Basically gaslighting is when your wayward spouse tells you that you are being crazy or deluded in thinking they are cheating. The wayward will deflect your rationale and throw it back on you, accusing you of being jealous and doing their best to make you think you are the crazy one. 

It is a cruel form of mental and emotional manipulation they use to avoid being caught.


----------



## 2ntnuf (Jul 14, 2012)

bandit.45 said:


> Basically gaslighting is when your wayward spouse tells you that you are being crazy or deluded in thinking they are cheating. The wayward will deflect your rationale and throw it back on you, accusing you of being jealous and doing their best to make you think you are the crazy one.
> 
> It is a cruel form of mental and emotional manipulation they use to avoid being caught.


The better they are at gaslighting, the worse. They can even make it look like they are cheating and never have. No one can be certain of anything, unless there is irrefutable evidence. 
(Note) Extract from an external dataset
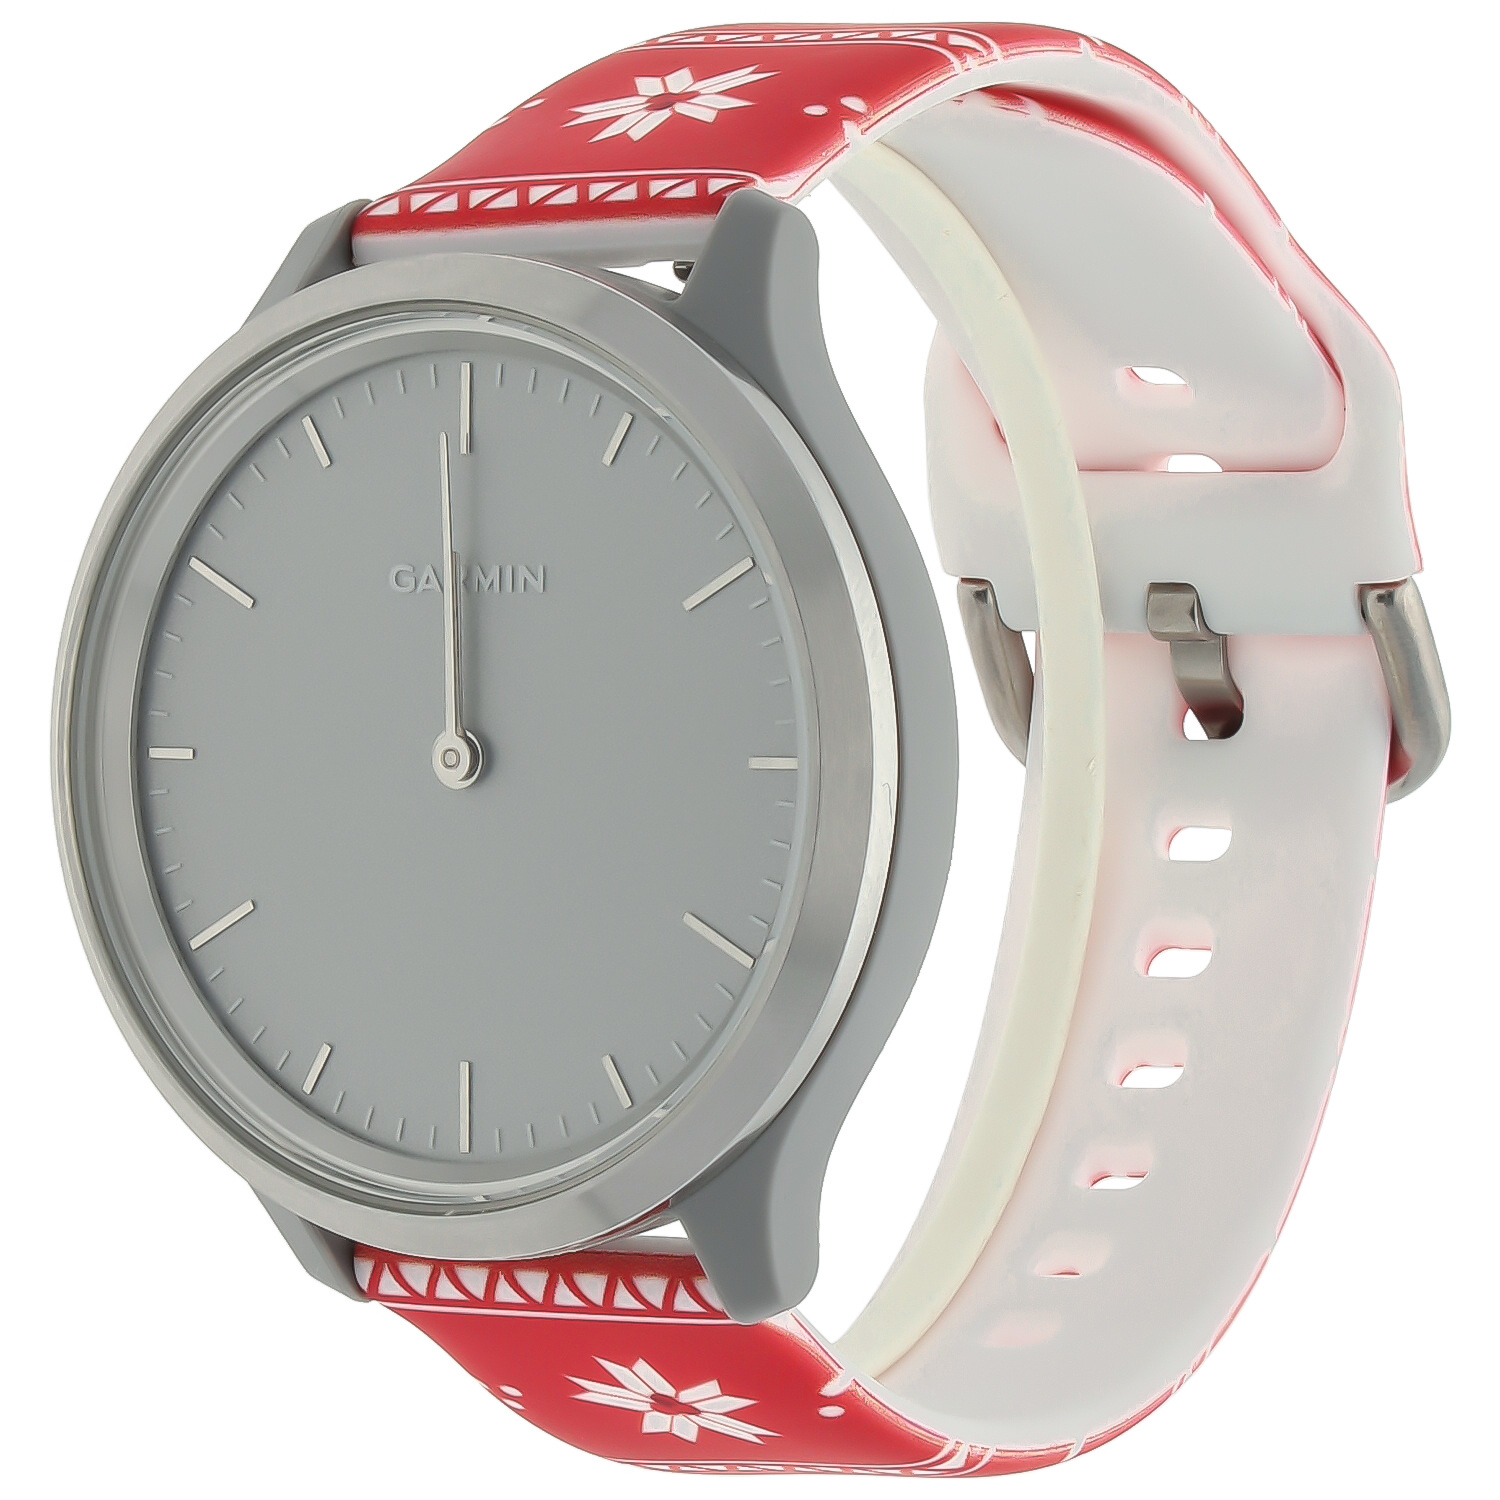 Bracelet sport imprimé Huawei Watch GT - rouge poinsettia de Noël

That's another issue for me. How much can I believe? How much should I believe? In other words, was I that stupid or what? That opens another can of worms for me. I'm in sad shape and have to work on it all with counseling. 

I am working on it, though the counselor just wants to rugsweep it all cause I'll never know the truth. That's a lifetime of doubt ahead. Doubt in myself. Doubt in believing anything, even what I see and experience. It's tough. I'll deal with it, but how can anyone who goes through all that, ever believe in love or another human again? How can I believe my own conclusions from observations? Sucks to be me. 

I have enough circumstantial evidence that any civil court would believe, but I don't have pictures. All the counselors I've had believe she was unfaithful. They also believe it doesn't matter. I listed above why it matters in my life.

I did confront one potential AP. She told him when I confronted and he started admitting things, "He doesn't know". He never said a thing, just verbally stumbled with attempting to explain. I should have beaten him to a bloody pulp, and could have at the time, but I felt sorrier for the poor fool than I did myself.


----------



## ThePheonix (Jan 3, 2013)

2ntnuf said:


> Sometimes, things that happen change you forever.


I wished I could say something to help you get back to the way you ought to feel and not permit this chick to control you. I can't. 
Even though you've temporarily sworn off women and on a hunger strike of sorts, if it were me, I'd have to start seeing some. Ain't nothing that will help you get over the wrong one like the right one. Besides, they are fun to spend time with even without a romantic element. I just love them to pieces and they are really interesting to talk to.


----------



## magoguen (Mar 23, 2016)

RWB said:


> Brutal Honesty.


The truth is generally brutal


----------



## TaDor (Dec 20, 2015)

_She hurt me. She wanted to hurt me. She wanted to harm me. She did. I didn't deserve it anymore than any other BS. I didn't try to stop her from divorce, I only wanted to discuss why. Not everyone is able to move on with life. Sometimes, things that happen change you forever._

Read "not Just friends" by Dr. Shirley Glass.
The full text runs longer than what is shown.